**Try it**
Beginning with the line that has "Elation Eko Graphite" and ending with the line that has "Coronavirus in Mumbai: MTNL", retype the entries below exactly, except for the pictures.
(Information supplied begins)
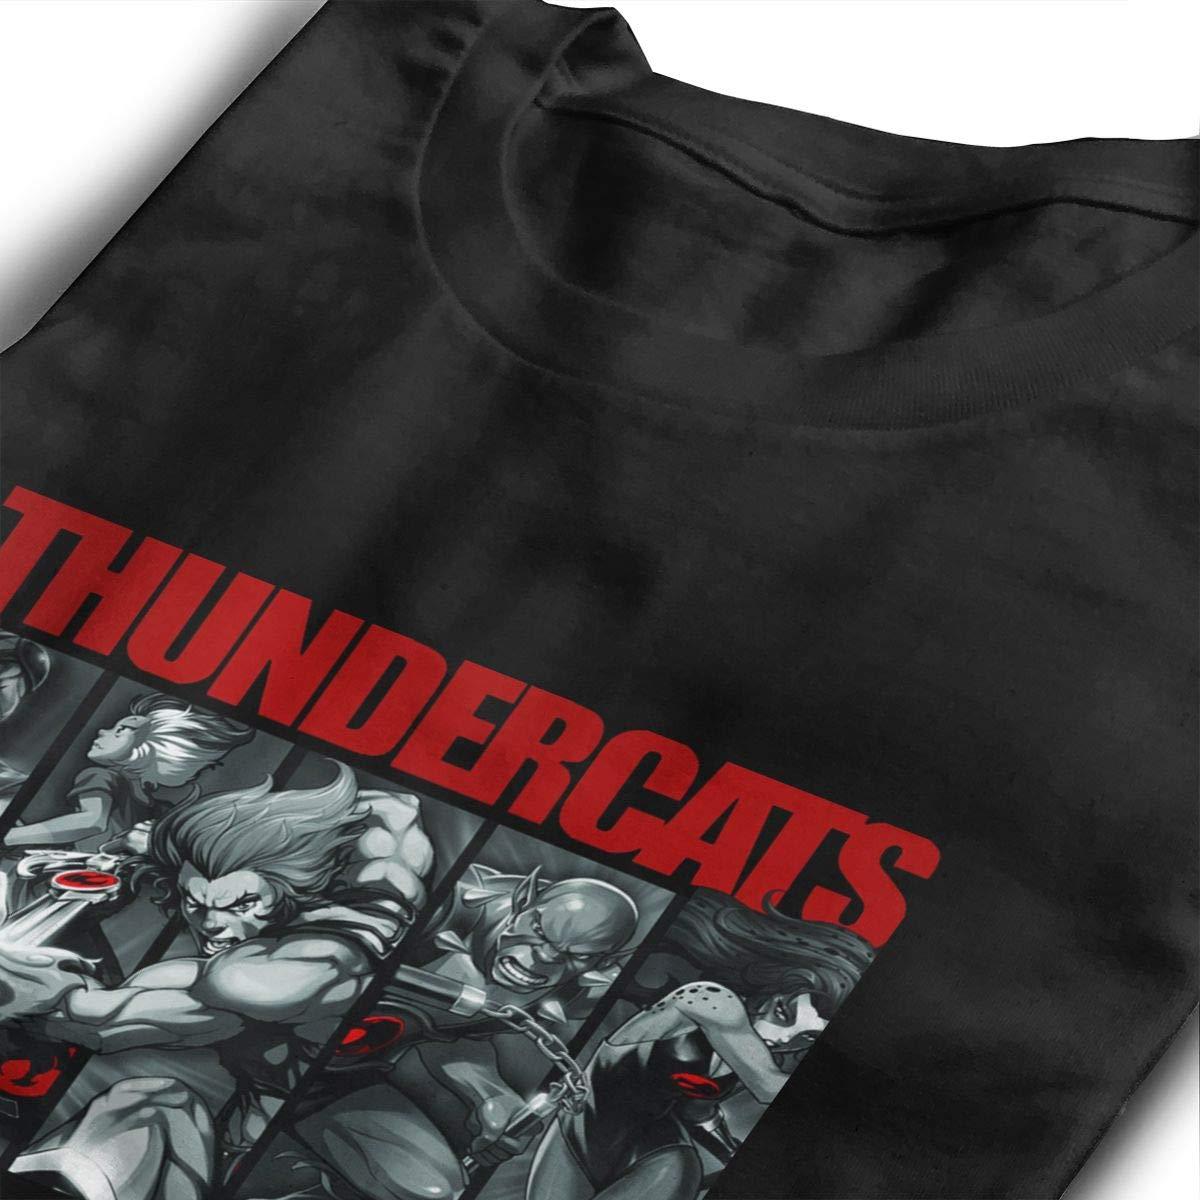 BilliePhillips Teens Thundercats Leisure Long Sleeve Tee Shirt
(Information supplied ends)
(Information supplied begins)
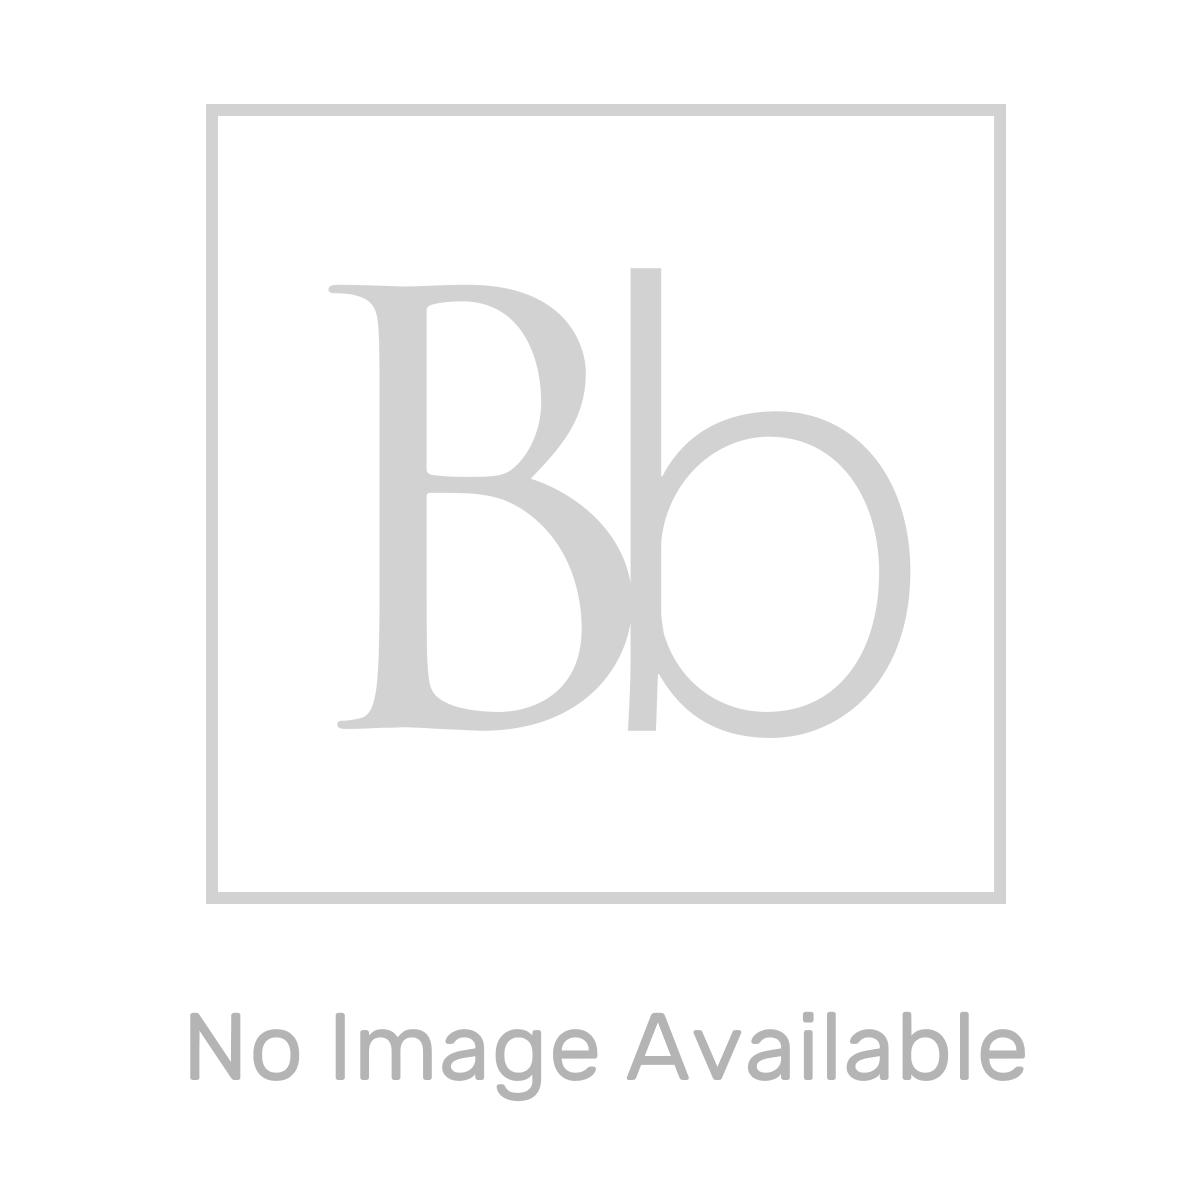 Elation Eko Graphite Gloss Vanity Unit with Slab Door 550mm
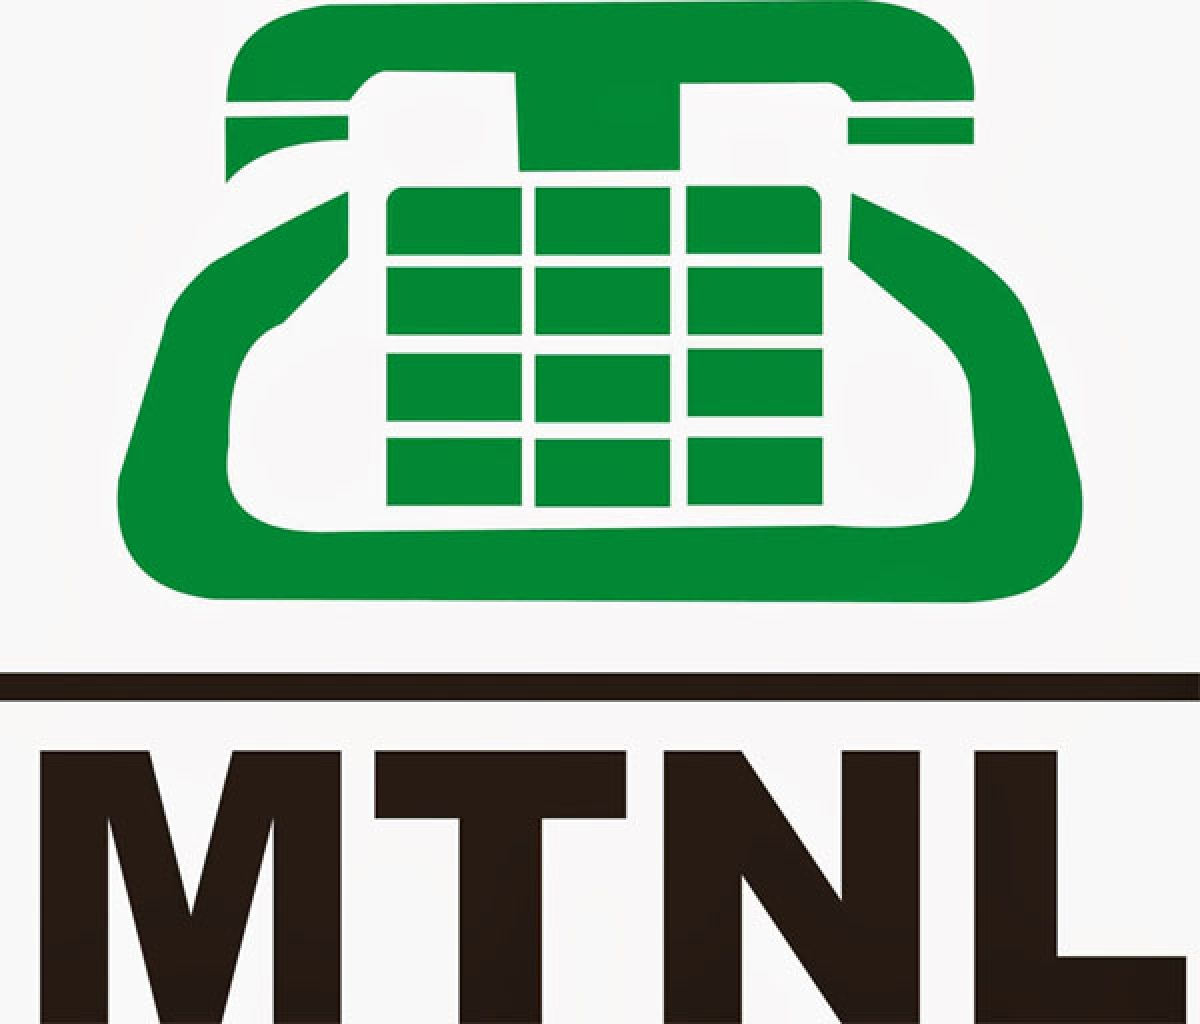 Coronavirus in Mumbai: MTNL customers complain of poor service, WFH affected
(Information supplied ends)
**Task result**
 Elation Eko Graphite Gloss Vanity Unit with Slab Door 550mm
 Coronavirus in Mumbai: MTNL customers complain of poor service, WFH affected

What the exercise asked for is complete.